**THE TASK:** Copy exactly the lines of the material below that fall between the line with "Single Door Surround" and the line with "Media Closet Wire", both of those lines included; pictures stay out.

**EXTRACTED RECORDS:**
※
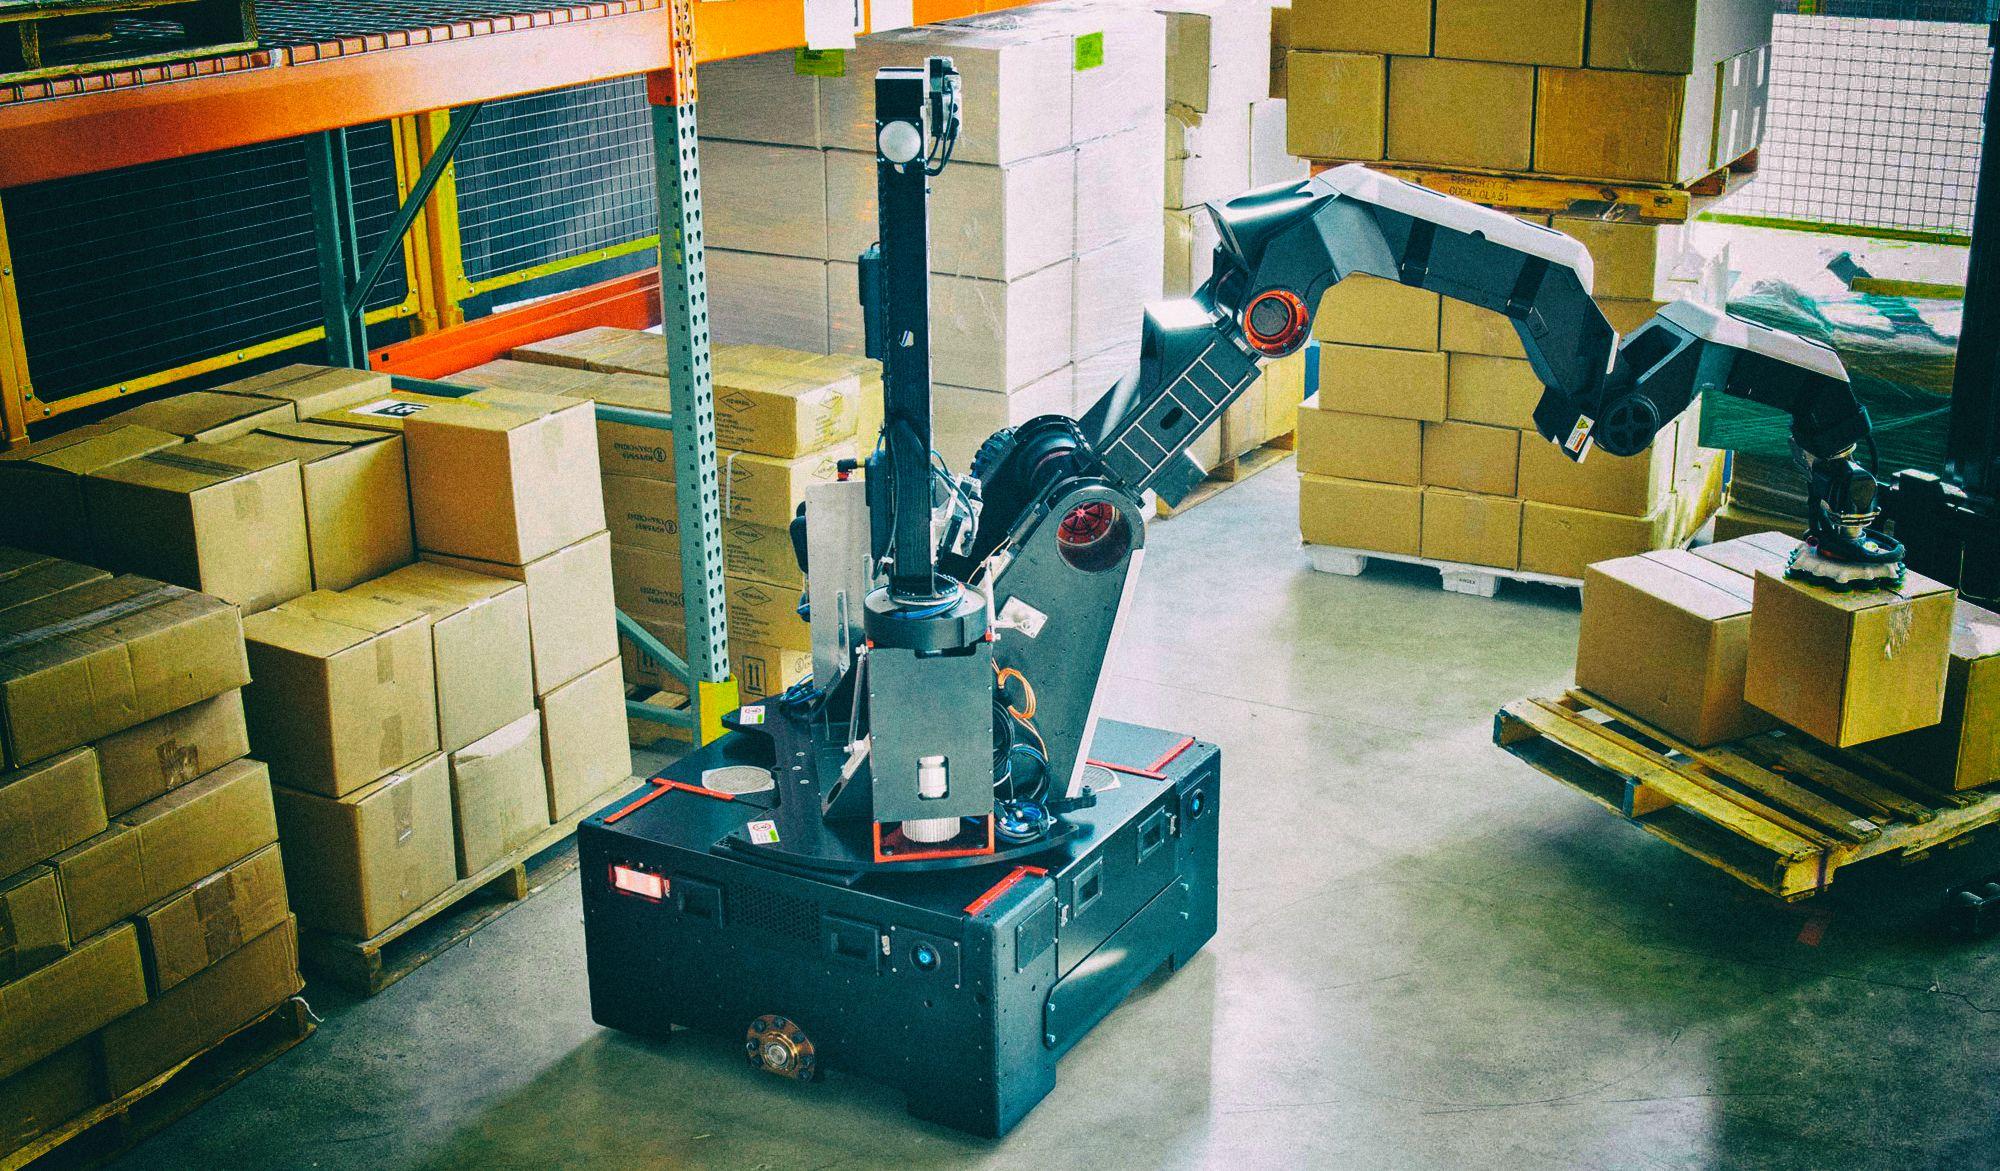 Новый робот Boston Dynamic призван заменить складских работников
※
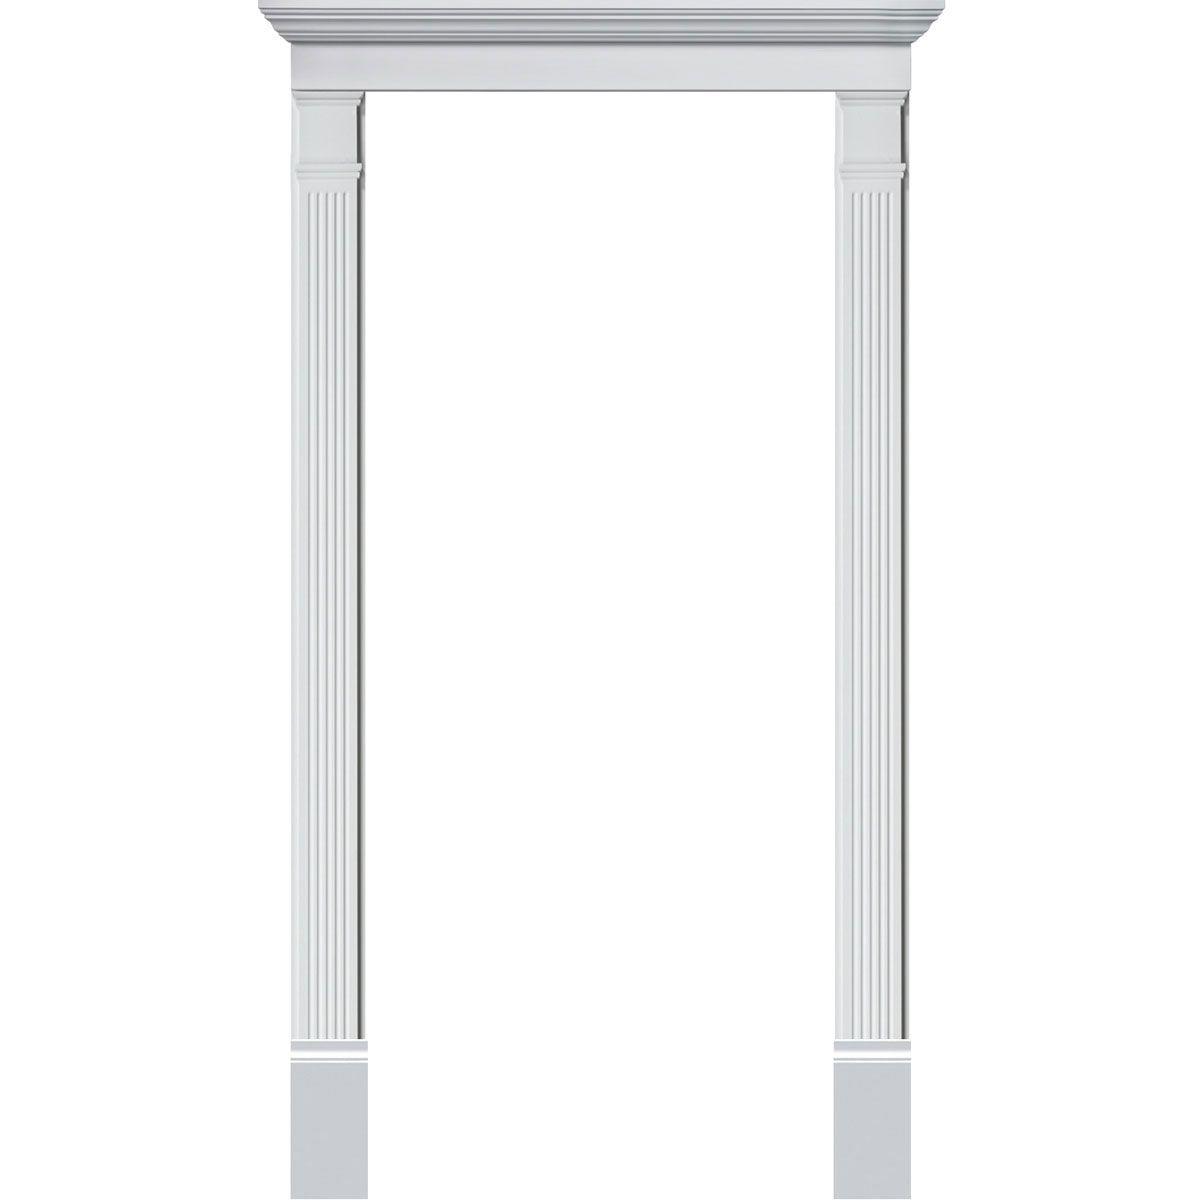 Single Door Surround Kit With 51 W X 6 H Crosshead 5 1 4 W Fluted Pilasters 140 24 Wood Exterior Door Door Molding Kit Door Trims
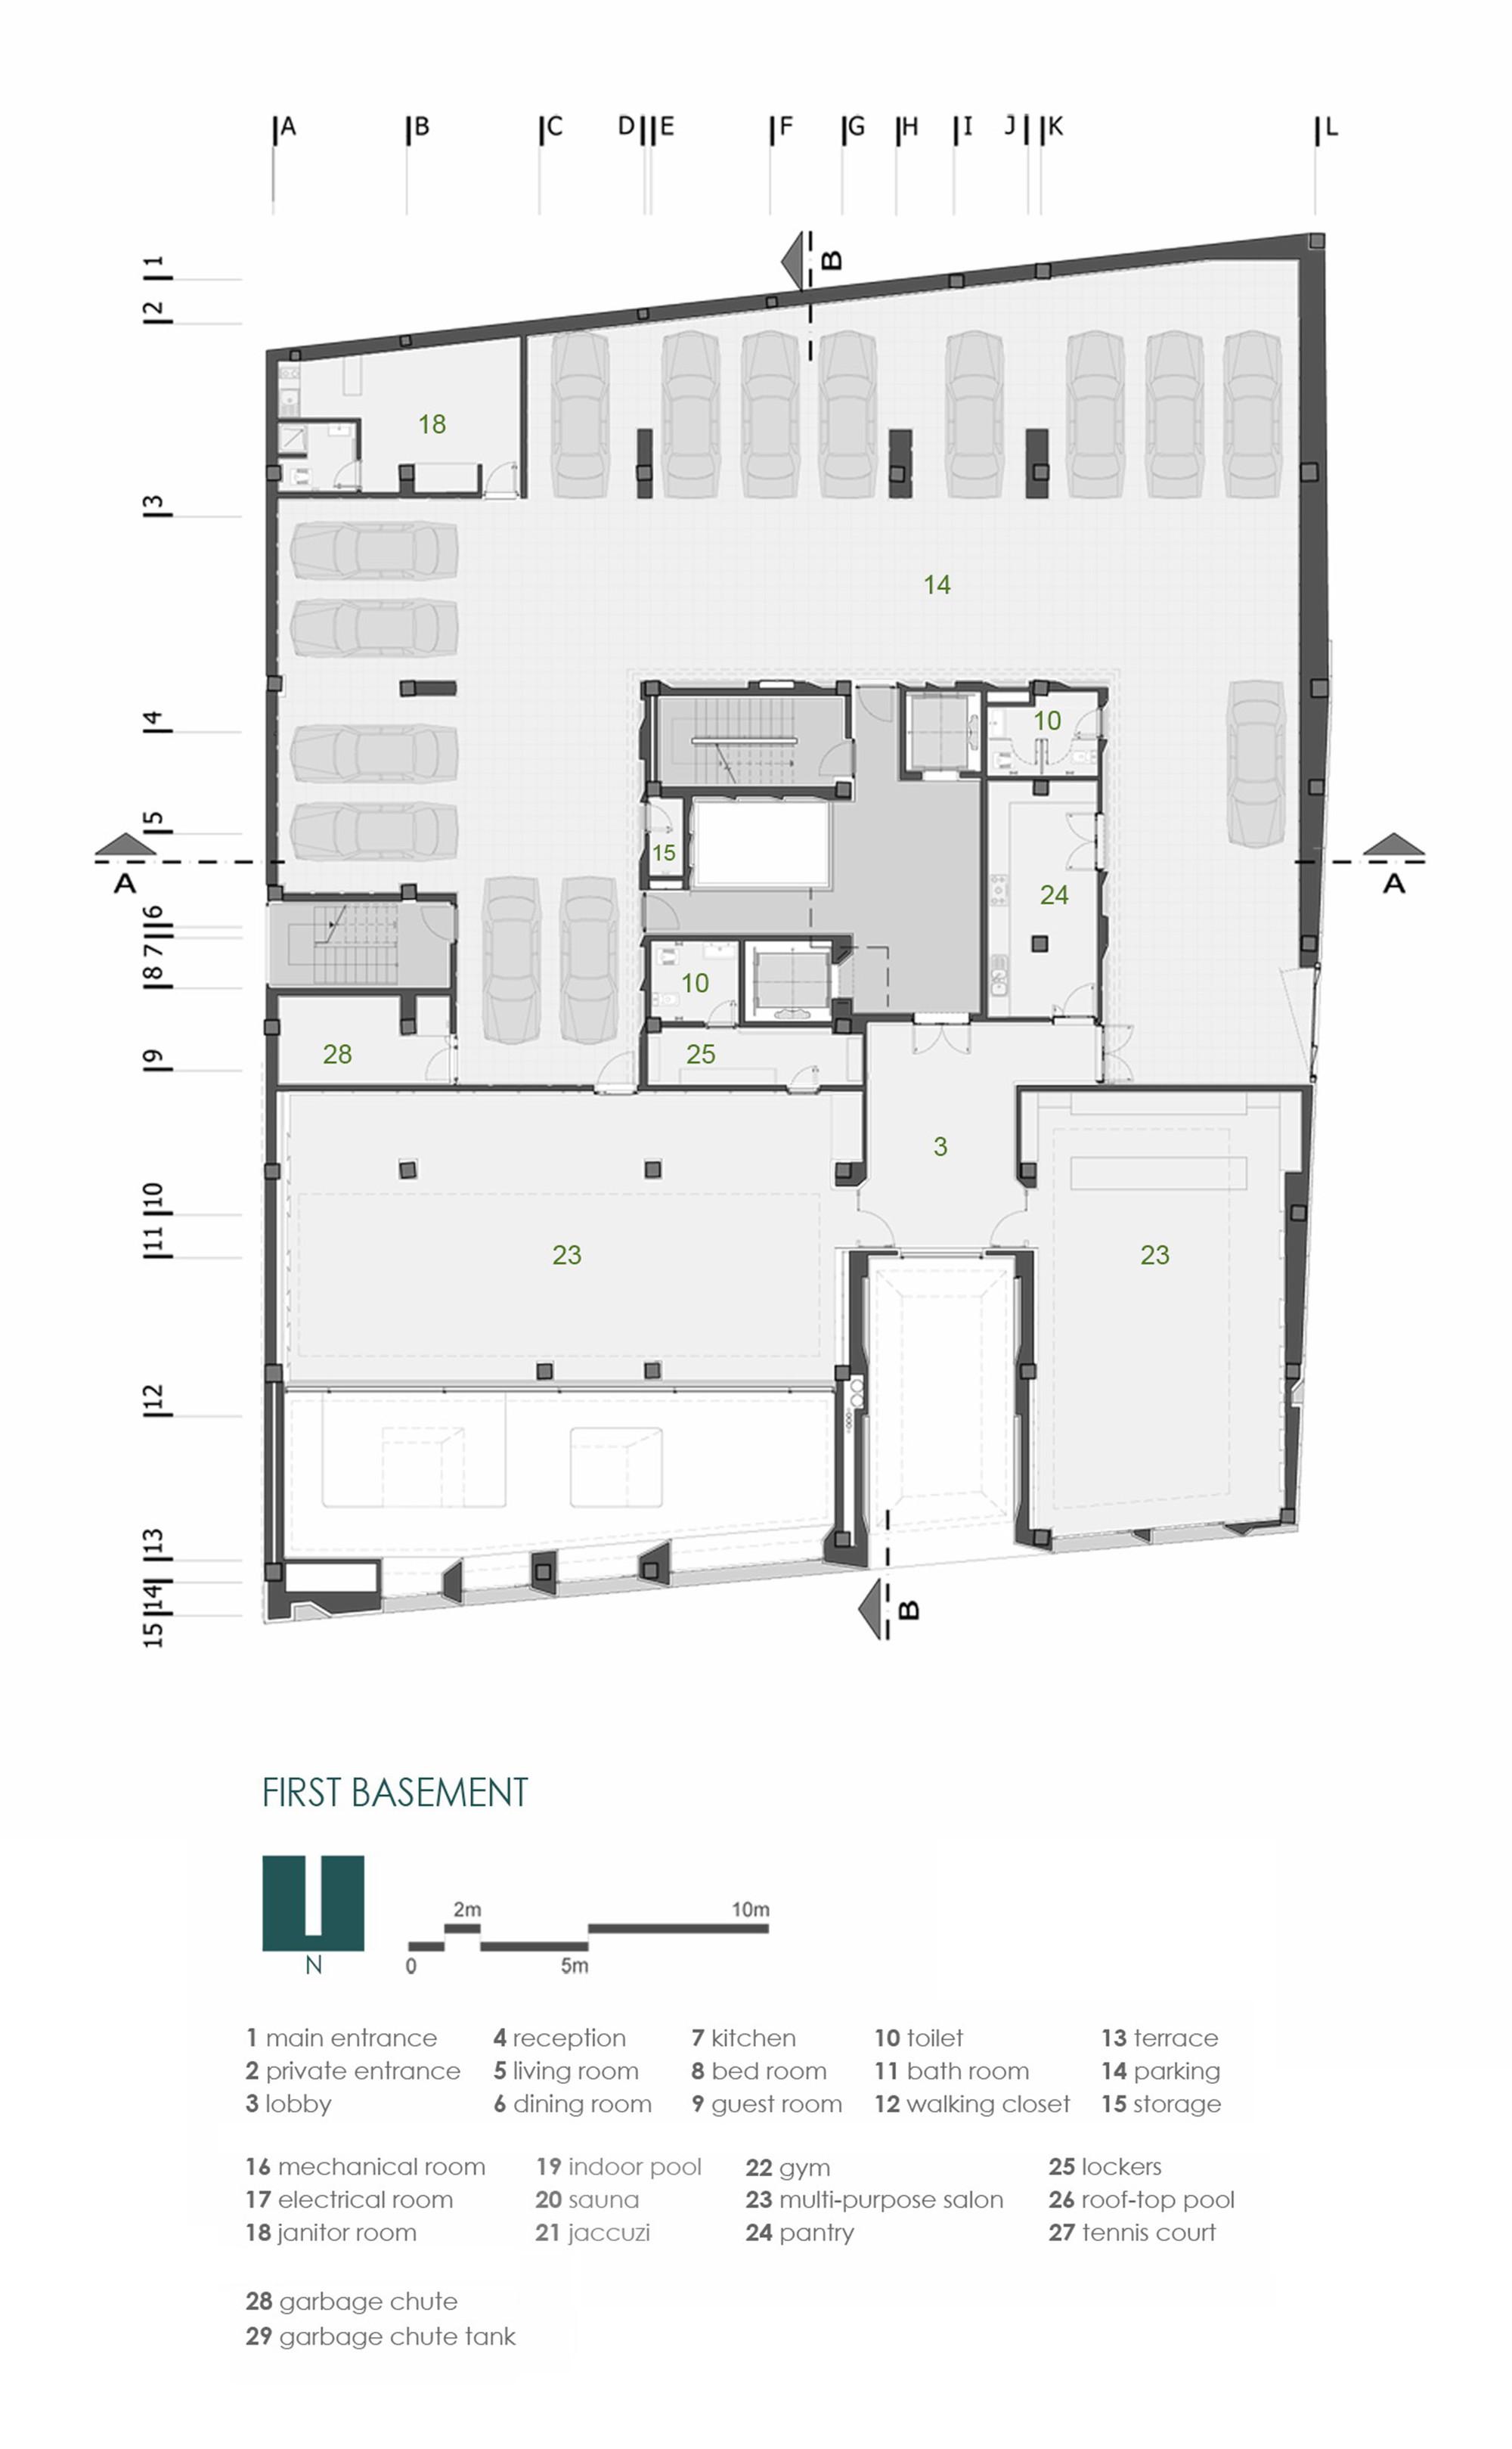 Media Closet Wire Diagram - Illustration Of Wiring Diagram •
※
**RESPONSE AREA:**
 Single Door Surround Kit With 51 W X 6 H Crosshead 5 1 4 W Fluted Pilasters 140 24 Wood Exterior Door Door Molding Kit Door Trims
 Media Closet Wire Diagram - Illustration Of Wiring Diagram •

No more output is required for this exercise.